:: Data listing ::
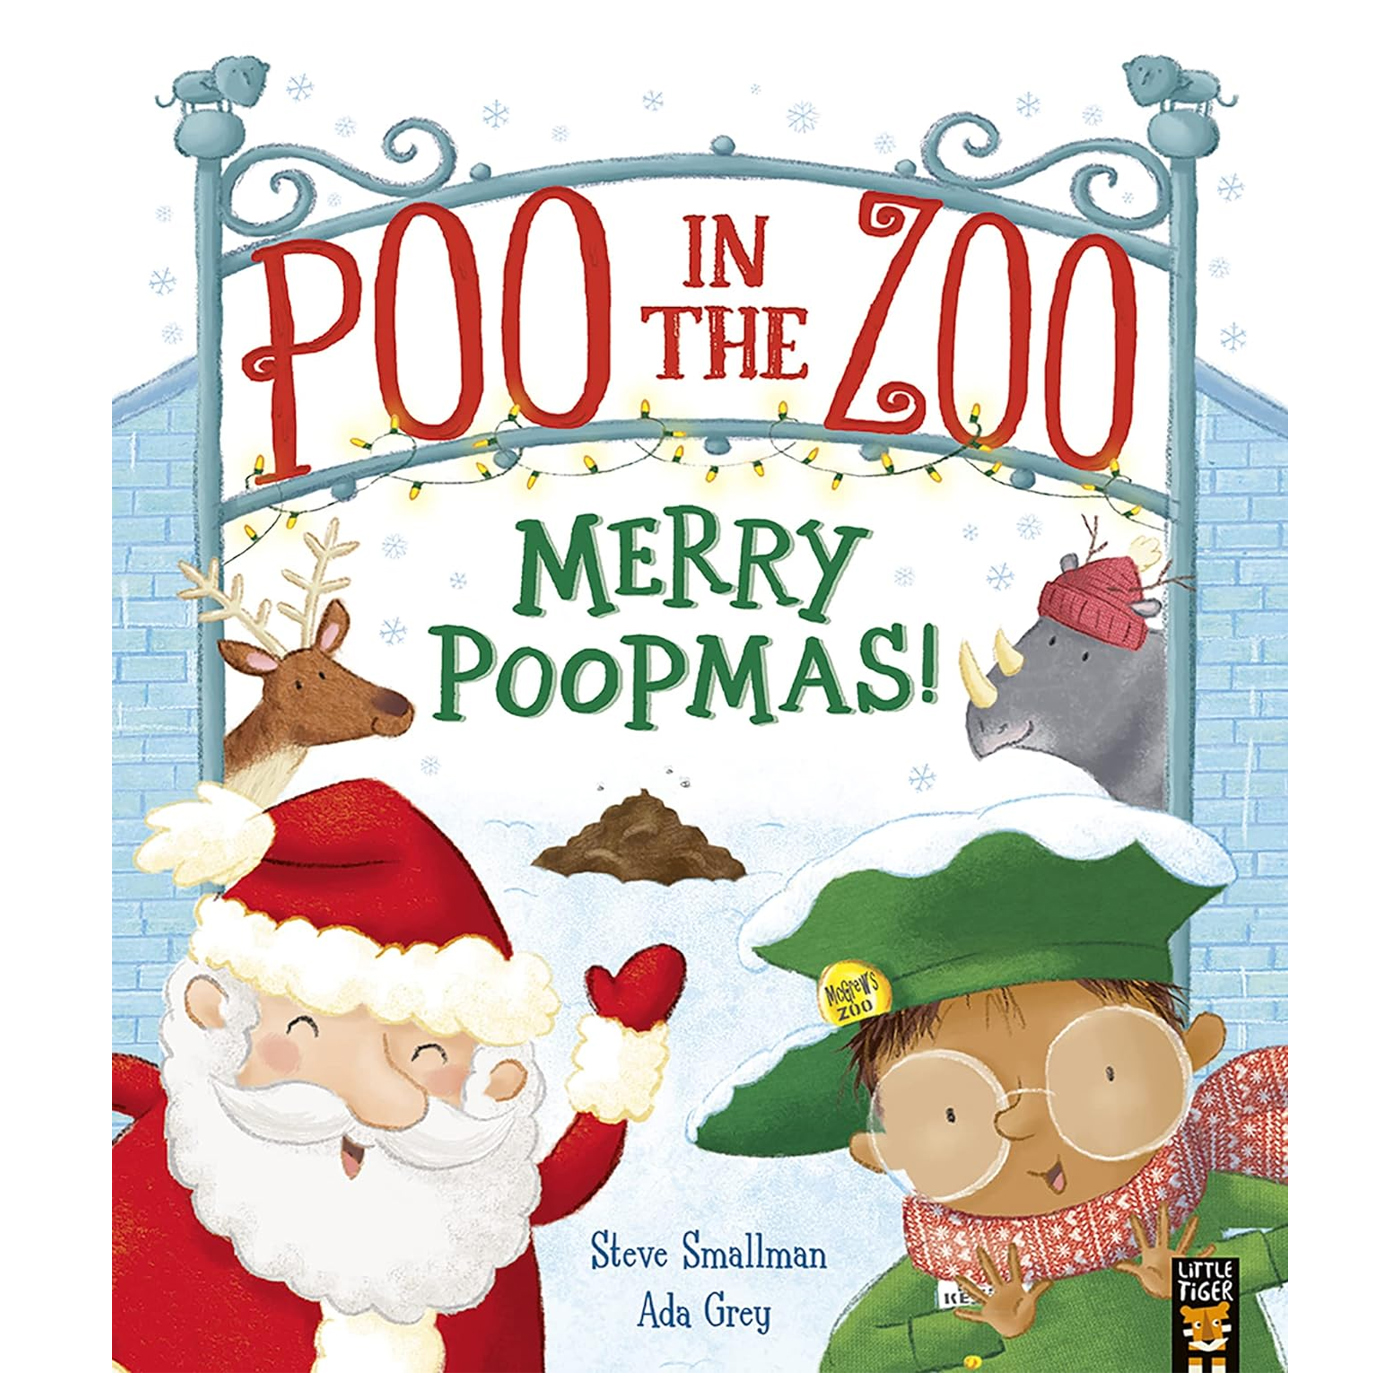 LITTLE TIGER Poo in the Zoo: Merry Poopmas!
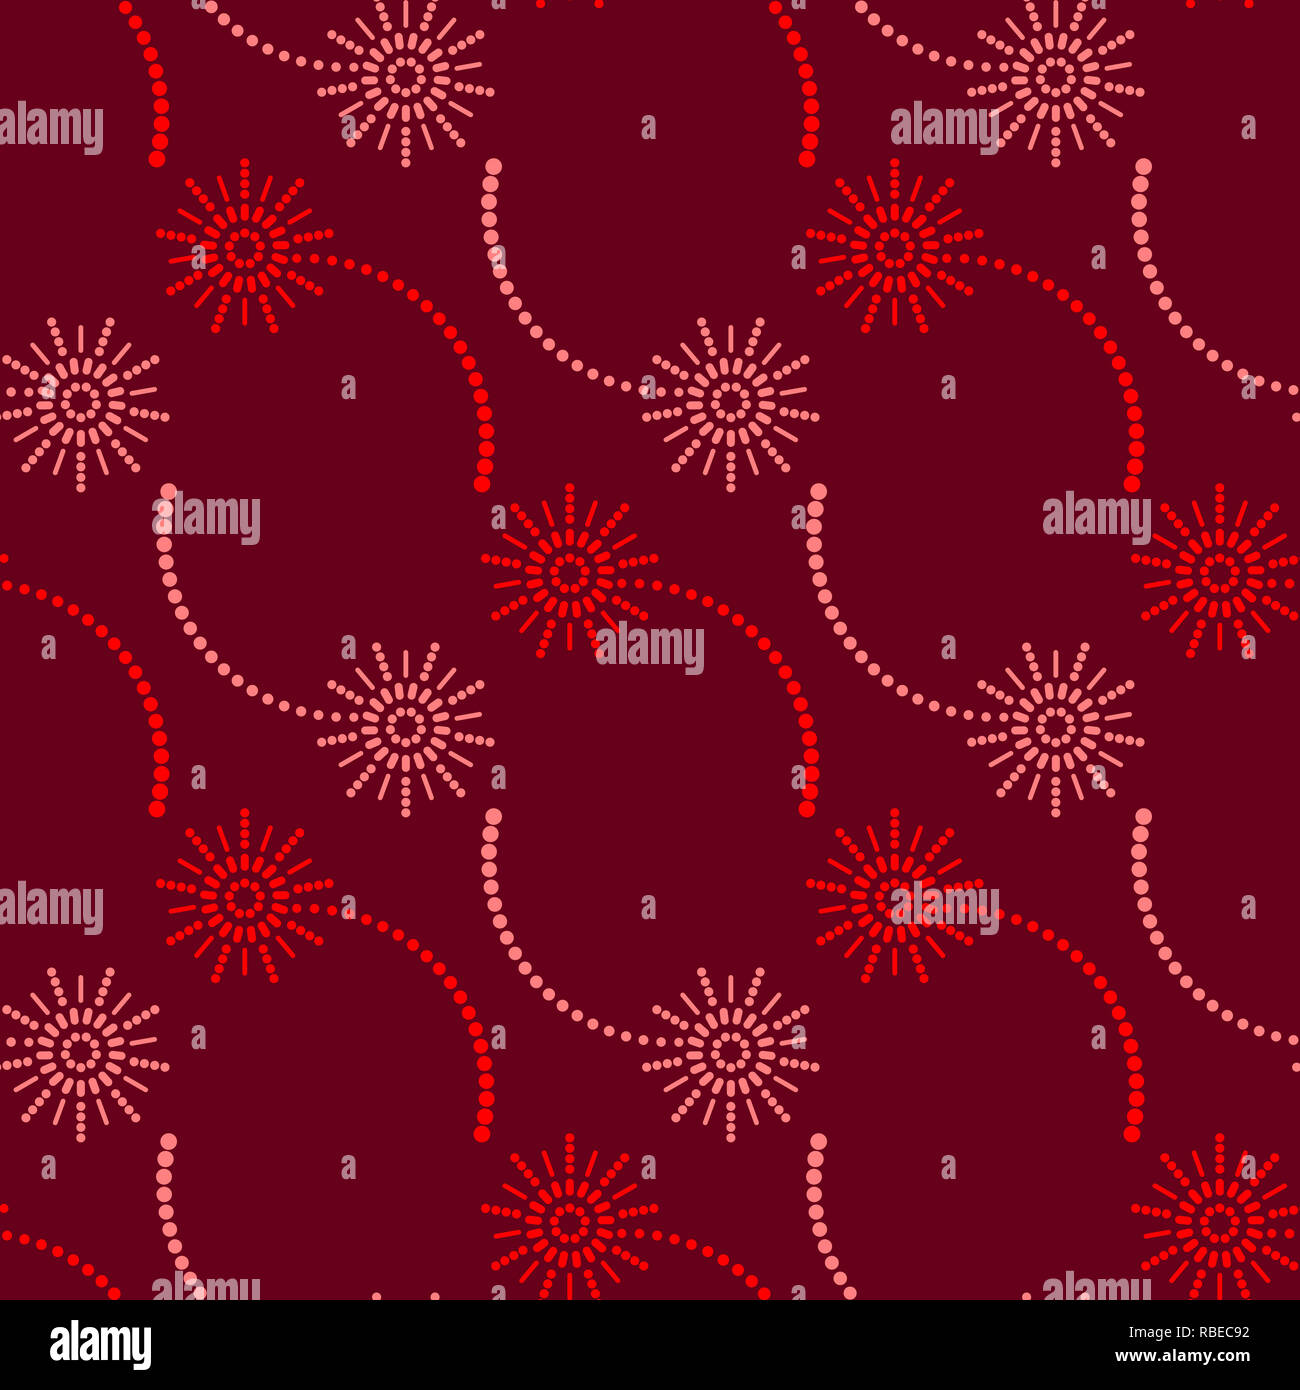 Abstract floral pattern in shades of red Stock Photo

...

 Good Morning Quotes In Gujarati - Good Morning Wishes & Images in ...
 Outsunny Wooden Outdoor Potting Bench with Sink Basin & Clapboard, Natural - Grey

:: Aim of the task ::
Using the entries shown above, reproduce verbatim the lines from the line bearing "Good Morning Quotes" to the line bearing "Outsunny Wooden Outdoor", inclusive.

:: Expected answer ::
 Good Morning Quotes In Gujarati - Good Morning Wishes & Images in ...
 Outsunny Wooden Outdoor Potting Bench with Sink Basin & Clapboard, Natural - Grey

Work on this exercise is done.